Sequence Alignment with Rust

We align VDJ-derived sequences against known leukemic clones obtained from Adaptive ClonoSEQ data. We use the align() function from rustytools, which is backed by the bio crate from Rust for high-performance alignment.

# Adaptive-derived CDR3 sequences
cloneC <- "CAGGAACACCTCCATAAGCACAGCCTACATGGAGCTGAGCAGCCTGAGATCTGAGGACACGGCCGTGTATTACTGTGCGAGAGGCCTAACCCACACCCACCCCCTACTTATTGTAGTAGTACCAGCTGCTATGACTACTGGGGCCAGGGAACC"
cloneB <- "CGCGGACAAATCCACGAGCACAGCCTACATGGAGCTGAGCAGCCTGAGATCTGAGGACACGGCCGTGTATTACTGTGCGCGGCGGACTCCGTATTACTATGGTTCGGGGAGTTATACTACTACGGTATGGACGTCTGGGGCCAAGGGACC"
cloneD <- "GATGTTGGGGTTTATTACTGCATGCAAGGTACACACTGGCCCAACCTAGTGGCAGCCCAGGG"
cloneE <- "CTGATTATTACTGTGAGACCGGGACCAAGC"

# Compute alignment scores
seu$cloneC_score <- sapply(seu$cdr3_nt, function(seq) align(seq, cloneC, atype = "local", verbose = FALSE))
seu$cloneB_score <- sapply(seu$cdr3_nt, function(seq) align(seq, cloneB, atype = "local", verbose = FALSE))
seu$cloneD_score <- sapply(seu$cdr3_nt, function(seq) align(seq, cloneD, atype = "local", verbose = FALSE))
seu$cloneE_score <- sapply(seu$cdr3_nt, function(seq) align(seq, cloneE, atype = "local", verbose = FALSE))

Alignment Results Visualization

We visualize the alignment scores on the UMAP embedding:

FeaturePlot(seu, features = c("cloneB_score", "cloneC_score", "cloneD_score", "cloneE_score"),
            order = TRUE, keep.scale = "all",
            cols = c("grey90", "red"), min.cutoff = "q20")

We can compare specific alignments with Biostrings::pairwiseAlignment() to validate alignment quality:

Biostrings::pairwiseAlignment(putative[1], cloneC, type = "global-local")
## Global-Local PairwiseAlignmentsSingleSubject (1 of 1)
## pattern:      TGTGCGAGATCAGAGAGGCCTAACCCACACCC...TTGTAGTAGTACCAGCTGCTATGACTACTGG
## subject: [74] TGTGCGAGA-------GGCCTAACCCACACCC...TTGTAGTAGTACCAGCTGCTATGACTACTGG
## score: 96.75946
Biostrings::pairwiseAlignment(putative[2], cloneB, type = "global-local")
## Global-Local PairwiseAlignmentsSingleSubject (1 of 1)
## pattern:      TGTGCGAGCTCAGGGGTATACCAC-----GCG...GGAGTTATACTACTACGGTATGGACGTCTGG
## subject: [50] TCTGAGGACACGGCCGTGTATTACTGTGCGCG...GGAGTTATACTACTACGGTATGGACGTCTGG
## score: 49.77611

Functional Confirmation

To validate the leukemic identity of aligned cells, we visualize CDKN2A expression. Loss of CDKN2A is a known event in high-risk B-ALL and may support the leukemic phenotype of aligned cells.
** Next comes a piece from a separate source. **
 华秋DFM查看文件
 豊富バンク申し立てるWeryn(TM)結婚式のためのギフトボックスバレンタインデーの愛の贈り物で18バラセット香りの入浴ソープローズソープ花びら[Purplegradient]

FeaturePlot_scCustom(seu, features = "CDKN2A")

Conclusion

Using Rust-accelerated sequence alignment in rustytools, we can rapidly screen thousands of VDJ sequences for similarity to leukemic clones and validate findings through gene expression. This approach is particularly useful in relapsed or ambiguous cases of B-ALL, where clonal detection is critical.